System unresponsive when CIFS mount is down,

Having an issue with CIFS mounts that are defined to the SLES 11 SP4 server that cause the ability to interact with it to become extremely slow in responsiveness when the mount becomes unavailable. In this configuration, the mount AA_NexPress_1 is associated with a folder on Windows Server. If for example the Windows Server were powered down RDP session with the SLES server are pretty much locked up. I can ssh into the SLES server and go to any directory and do a simple ll list except root where these mounts are defined. As soon the NexPress Windows Server is up and the directory is reachable the SLES server immediately starts responding normally.

Below is the directory definitions for the mounts, as well as the mount definitions in fstab.

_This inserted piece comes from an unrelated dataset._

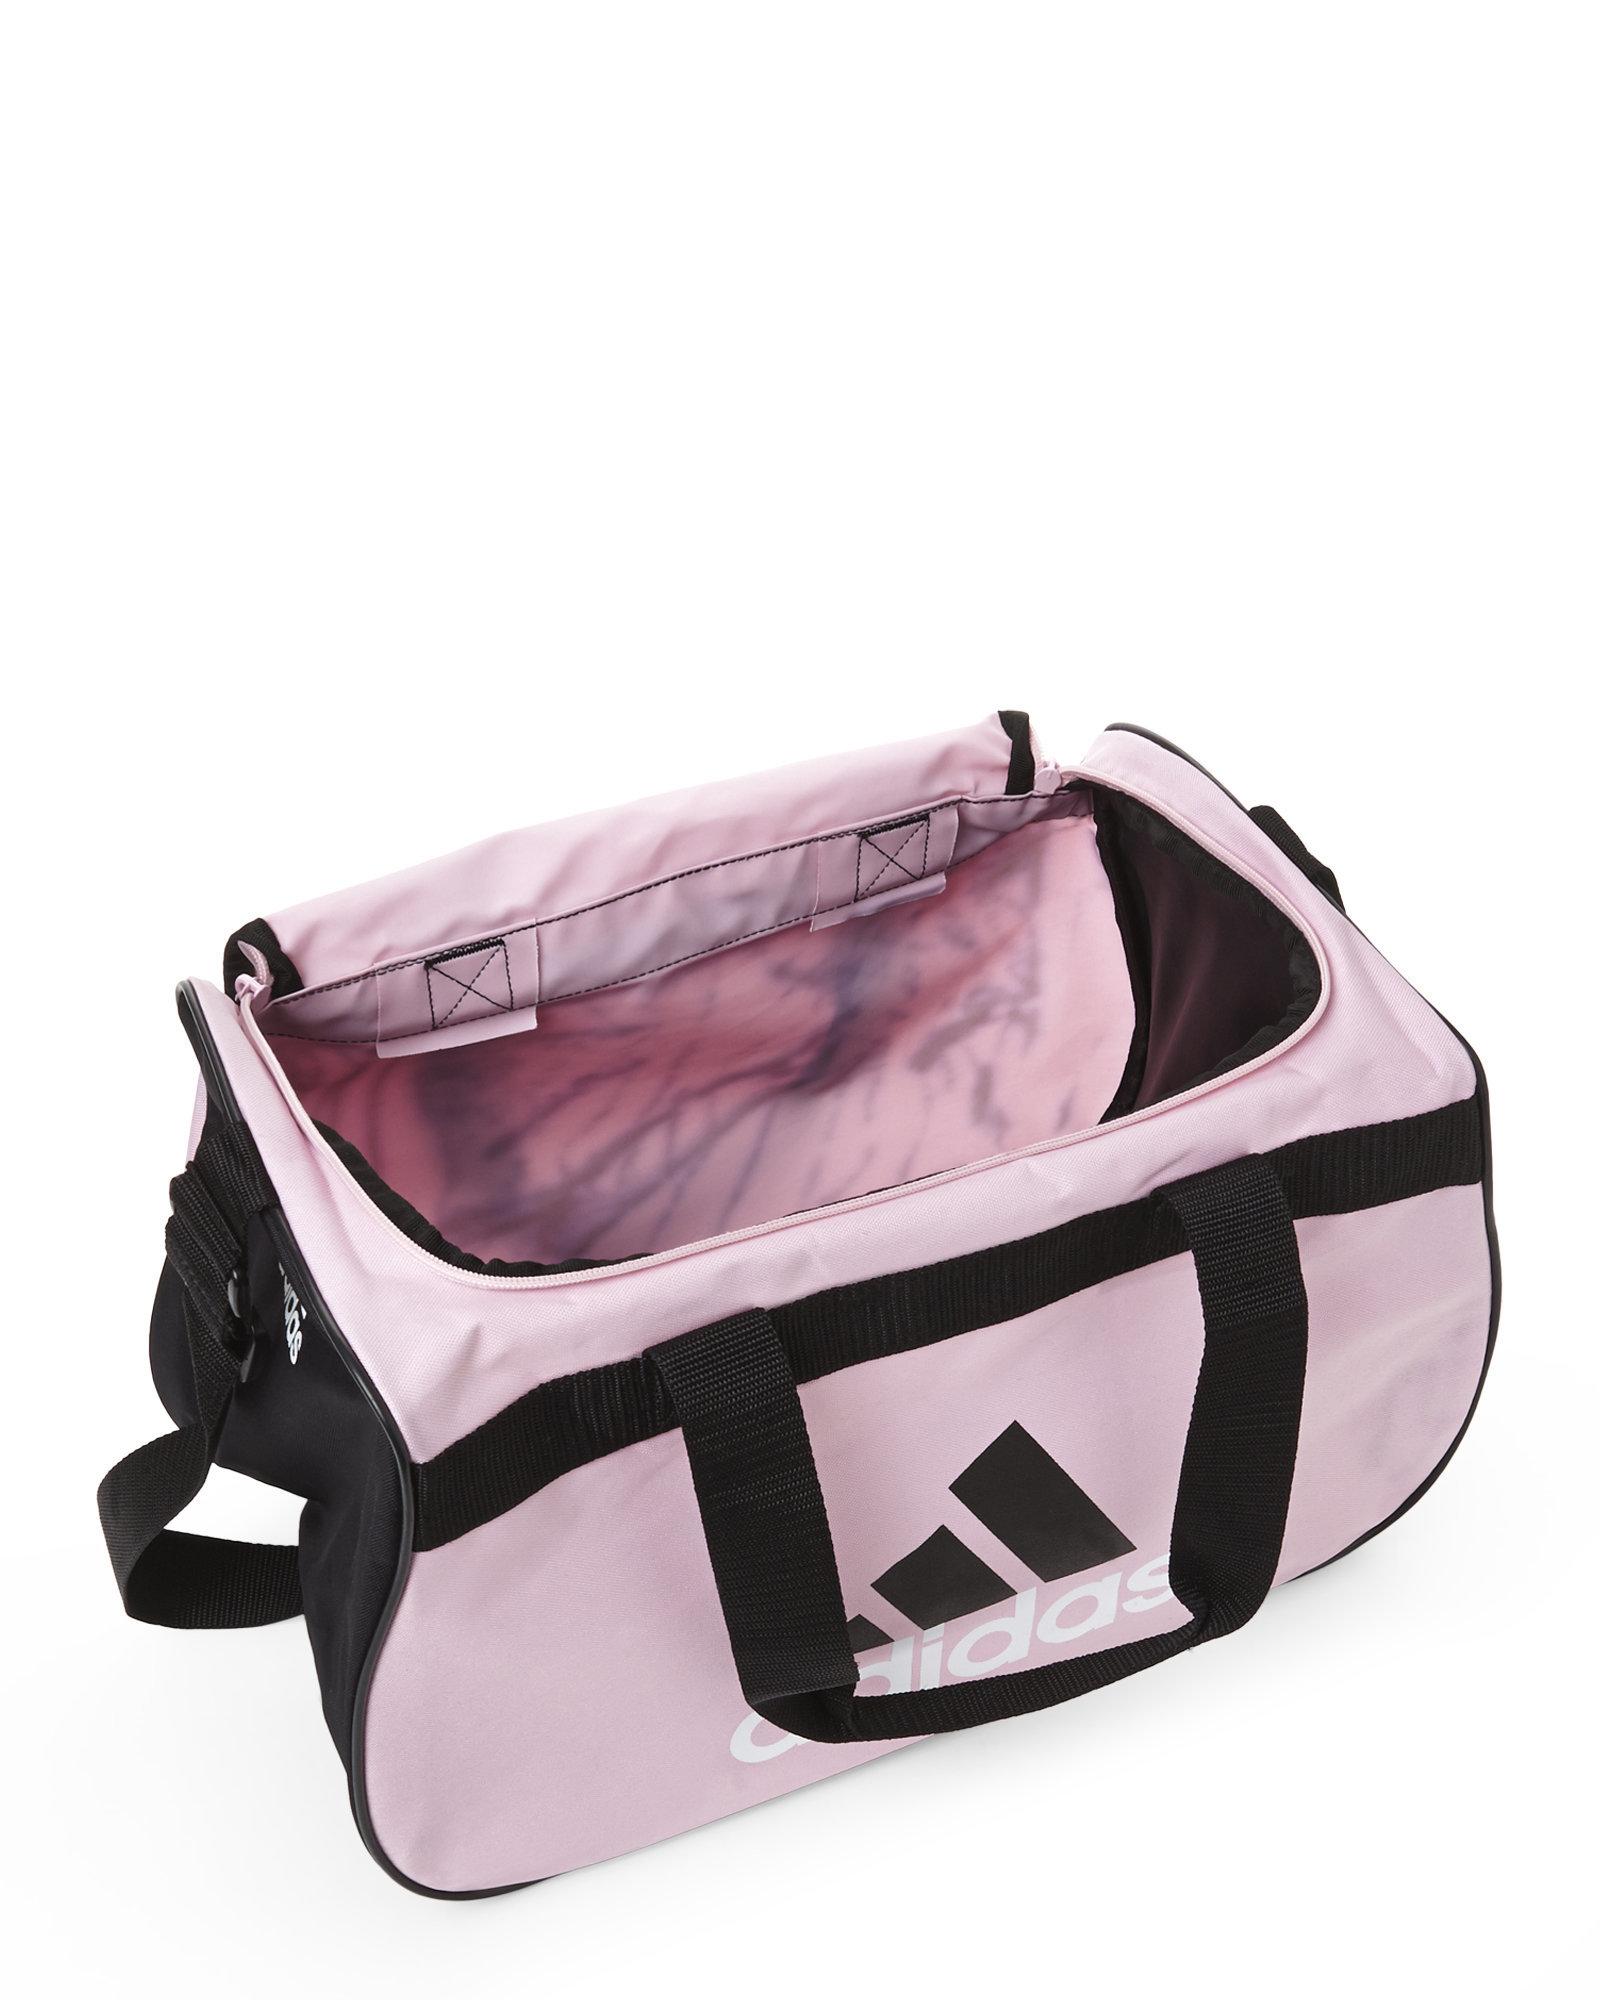 0d0bbb11f07e Lyst - adidas Originals Pink   Black Diablo Small Duffel in Pink
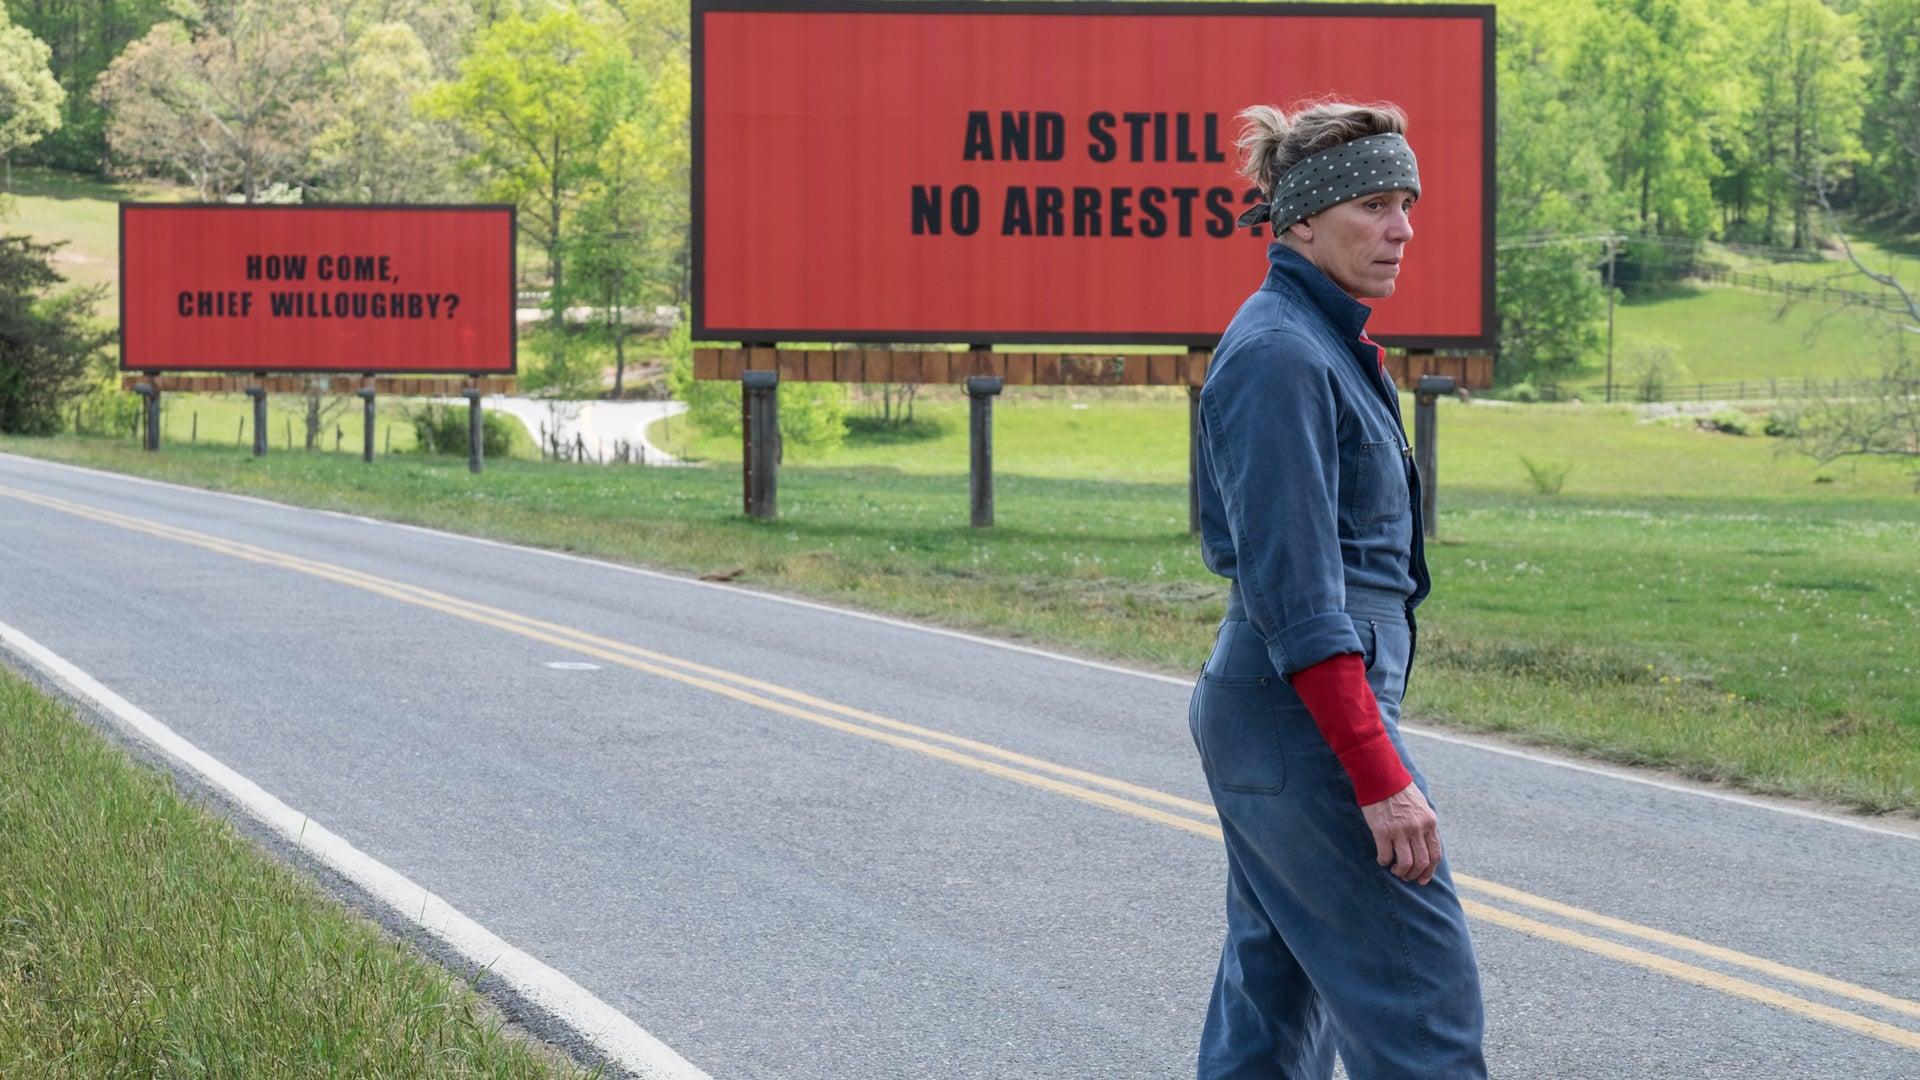 Frances McDormand, Three Billboards Outside Ebbing, Missouri

drwxr-xr-x 2 root root 0 Jun 2 11:10 AA_NexPress_1
drwxr-xr-x 2 root root 0 Jun 24 13:57 AA_NexPress_2

//10.5.4.51/HotFolder /AA_NexPress_1 cifs auto,domain=ebnt-1,username=dbcuser,password=xxxxxx 0 0
//10.5.4.52/HotFolder /AA_NexPress_2 cifs auto,domain=ebnt-1,username=dbcuser,password=xxxxxx 0 0

Is there a parameter I can set with fstab so that it times out if the mount becomes unavailable?

Hi duwallace,

have you tried soft-mounting (-o soft, or adding “soft” to the options list in /etc/fstab) the shares?

Regards,
Jens

[QUOTE=jmozdzen;30656]Hi duwallace,

have you tried soft-mounting (-o soft, or adding “soft” to the options list in /etc/fstab) the shares?

Regards,
Jens[/QUOTE]

Hi Jens,

Sorry for the delay in response. I did try adding “soft” to the FSTAB, though the mount stays in place until we issue the ‘umount -fl /AA_NexPress_1’ command. After which, the system respond normally. Just hoping to get it to drop when the mount is unavailable.

Thanks,
Duane

Hi Duane,

Just hoping to get it to drop when the mount is unavailable.

I believe you can only influence if requests to the mounted FS will time out, rather than being retried indefinitely. I wouldn’t know how I’d implement some “unmount on error” approach, other than by monitoring system messages (or some access test) and then “umount -fl” in response.